Gajret was a cultural society established in 1903 that promoted Serb identity among the Slavic Muslims of Austria-Hungary (today's Bosnia and Herzegovina). After 1929, it was known as the Serb  Muslim Cultural Society. The organization was pro-Serb.

History 
After the 1914 Assassination of Archduke Franz Ferdinand leadership of the association was interned in Arad.
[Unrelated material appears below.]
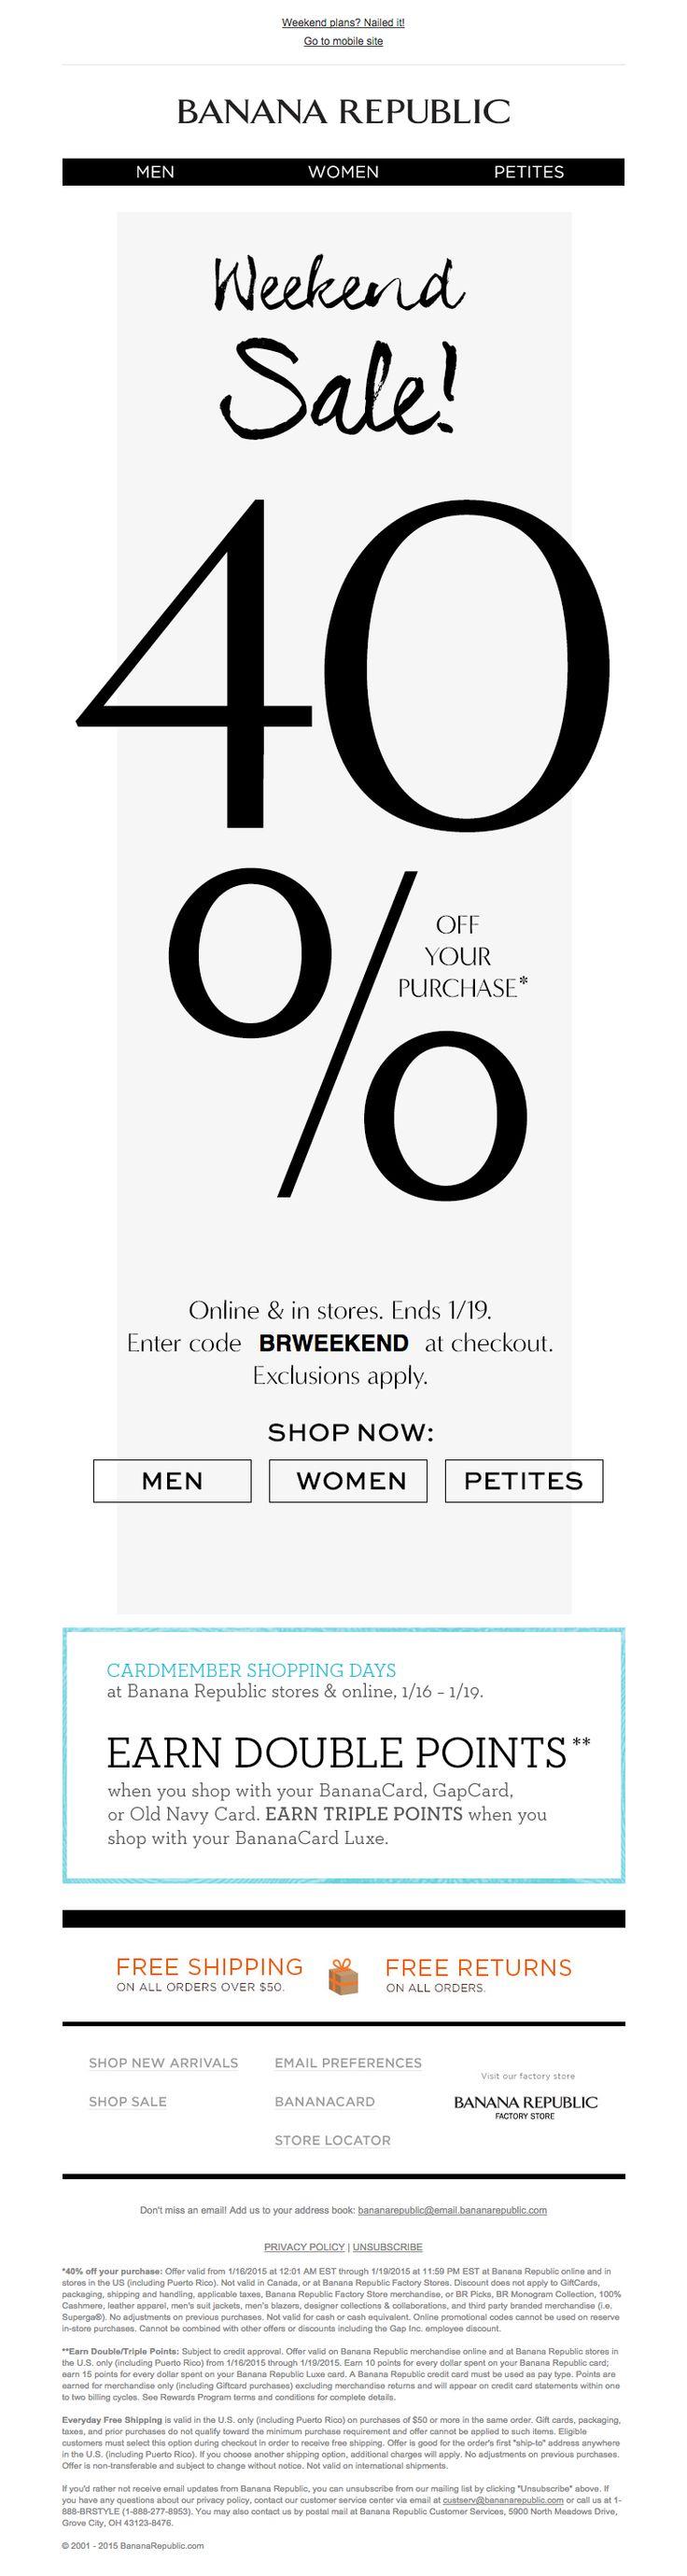 Banana Republic weekend sale 40% off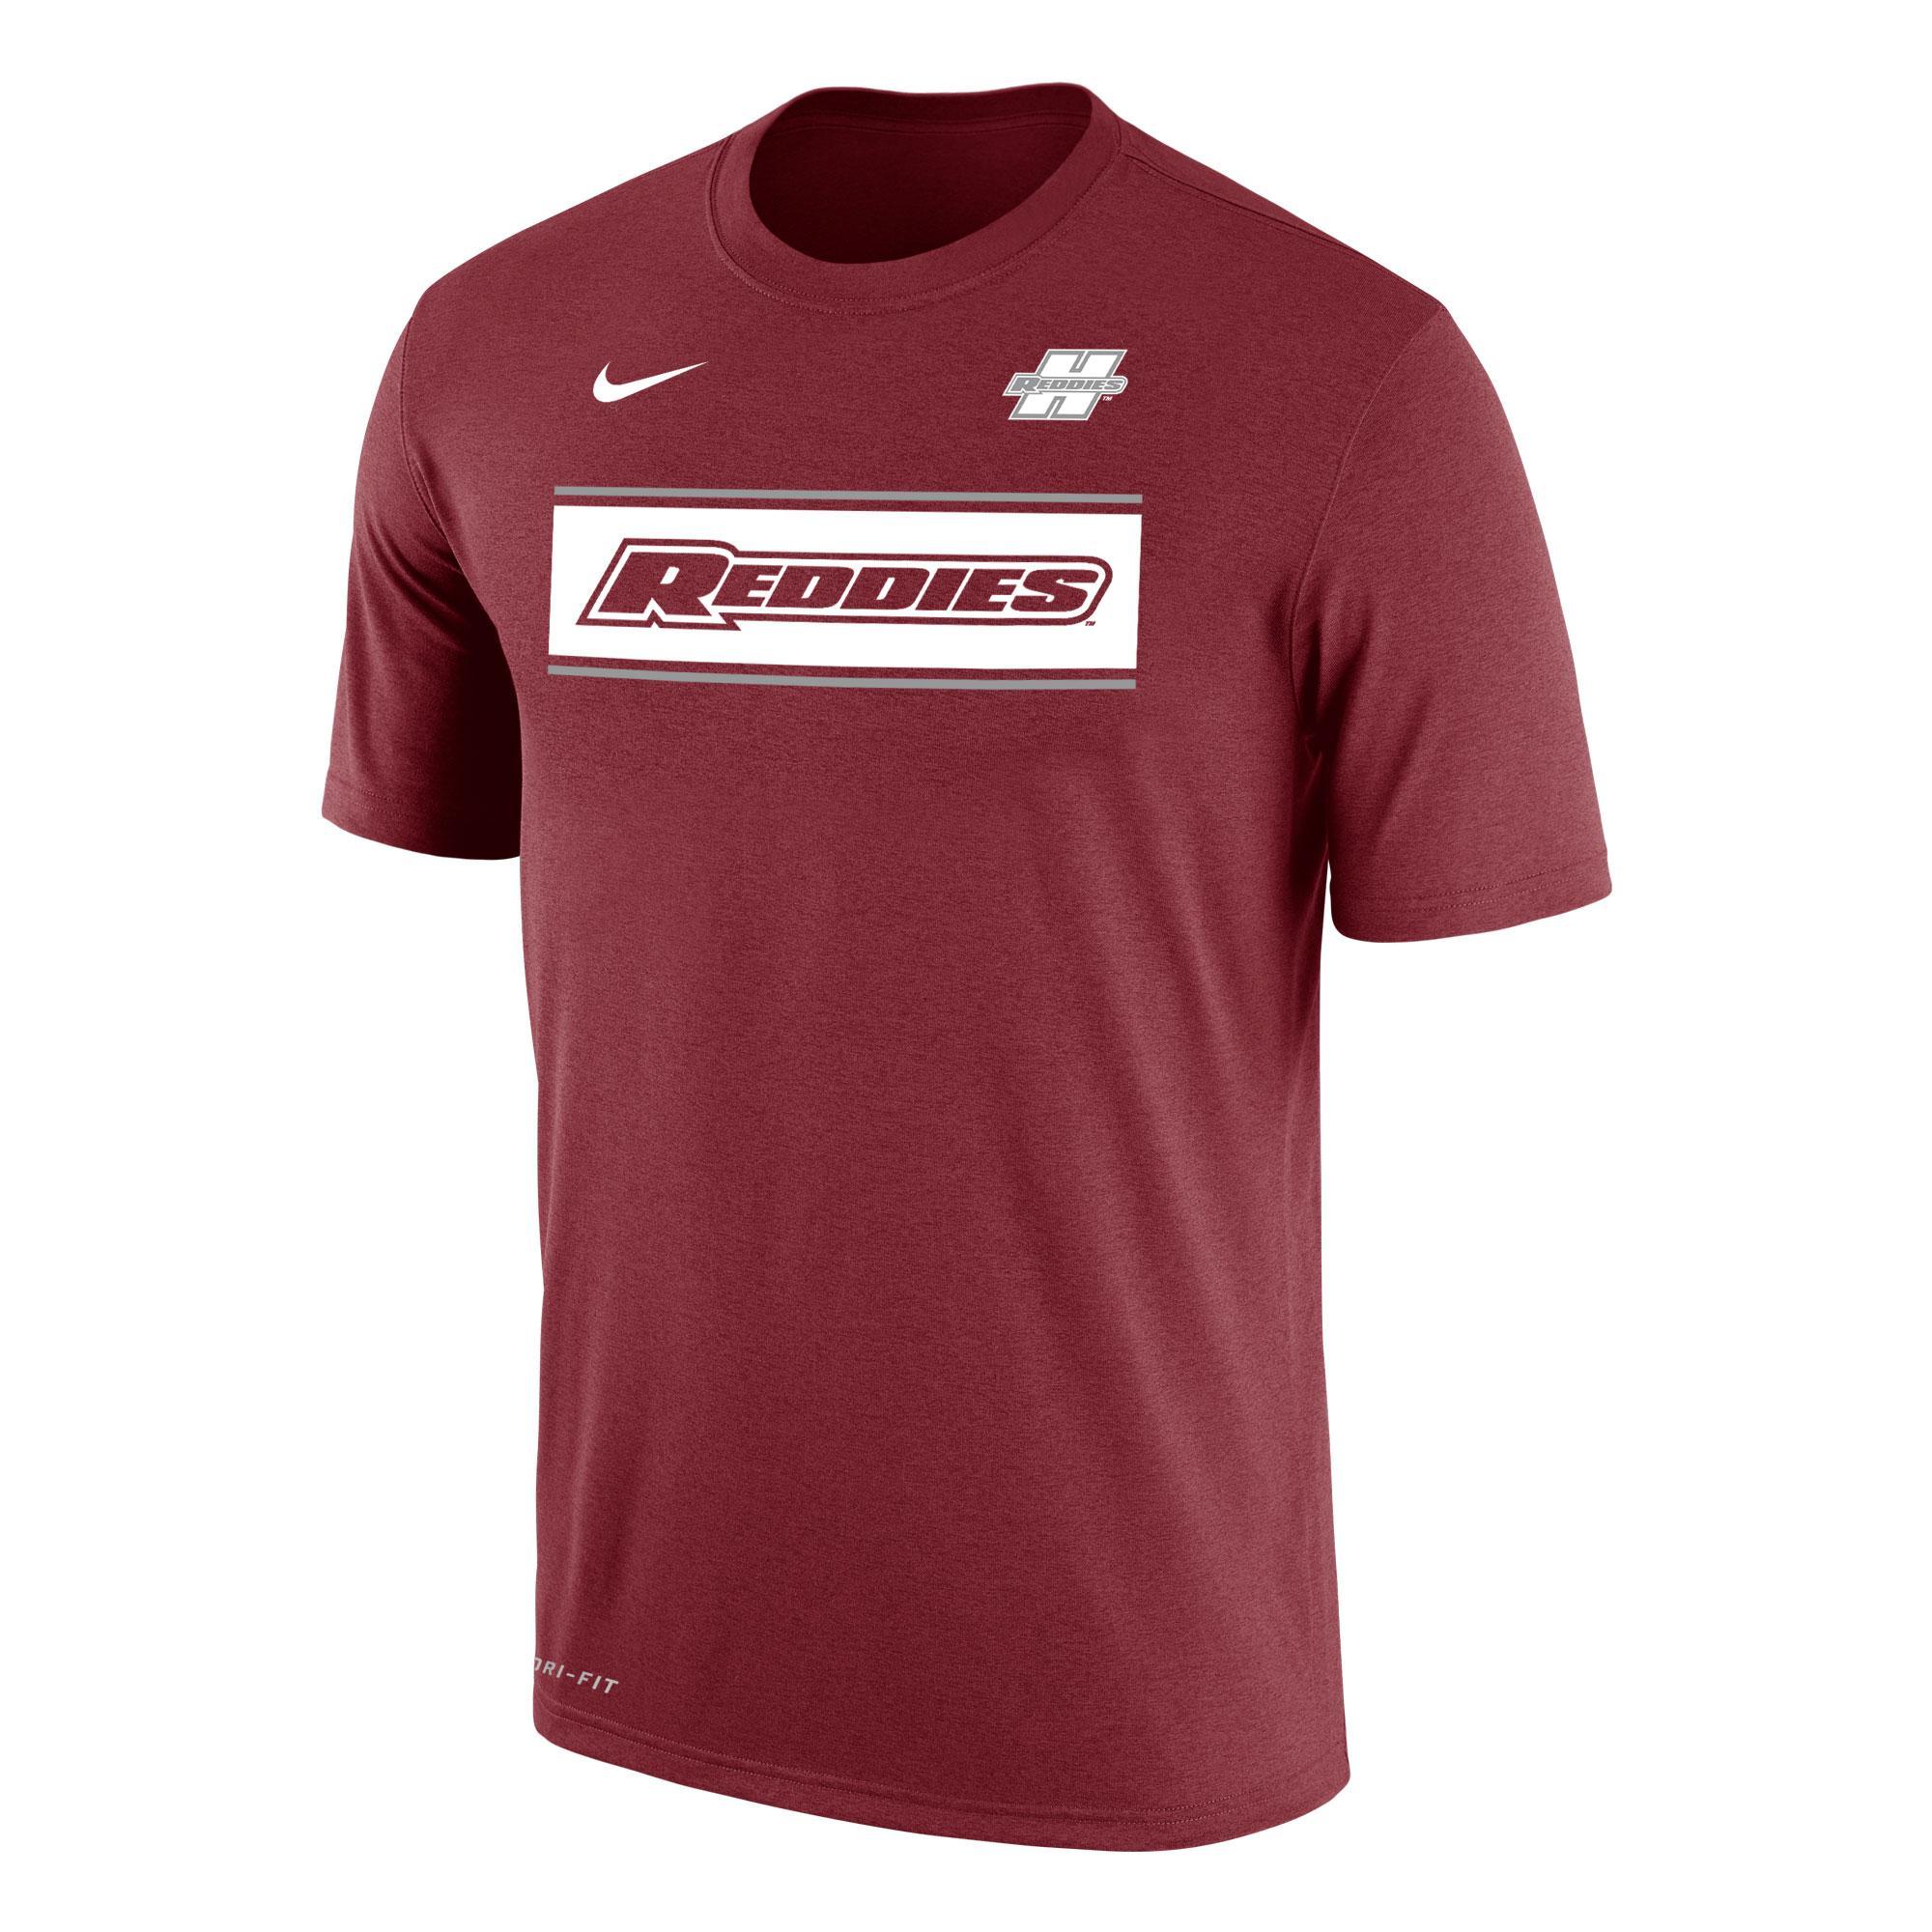 image of: Henderson Reddies Dri-FIT Cotton Short Sleeve T-Shirt

The organization viewed that the South-Slavic Muslims were Serbs lacking ethnic consciousness. The view that South-Slavic Muslims were Serbs is probably the oldest of three ethnic theories among the Bosnian Muslims themselves. After the Austro-Hungarian occupation of Bosnia and Herzegovina, the Bosnian Muslims, feeling threatened by Catholic Habsburg rule, established several organizations. These included, apart from Gajret, the Muslim National Organization (1906) and the United Muslim Organization (1911). In 1912, after the death of Osman Đikić, the editing of Gajret was entrusted to Avdo Sumbul.

Gajret's main rival was the pro-Croat Muslim organization Narodna Uzdanica, established in 1924. In interwar Yugoslavia, members experienced persecution at the hands of non-Serbs due to their political inclinations. In this period association run a number of student dormitories in Mostar, Sarajevo, Belgrade and Novi Pazar.

During World War II, the association was dismantled by the Independent State of Croatia. Some members, non-Communists, joined or collaborated with the Yugoslav Partisans (such as M. Sudžuka, Z. Šarac, H. Brkić, H. Ćemerlić, and M. Zaimović). Ismet Popovac and Fehim Musakadić joined the Chetniks.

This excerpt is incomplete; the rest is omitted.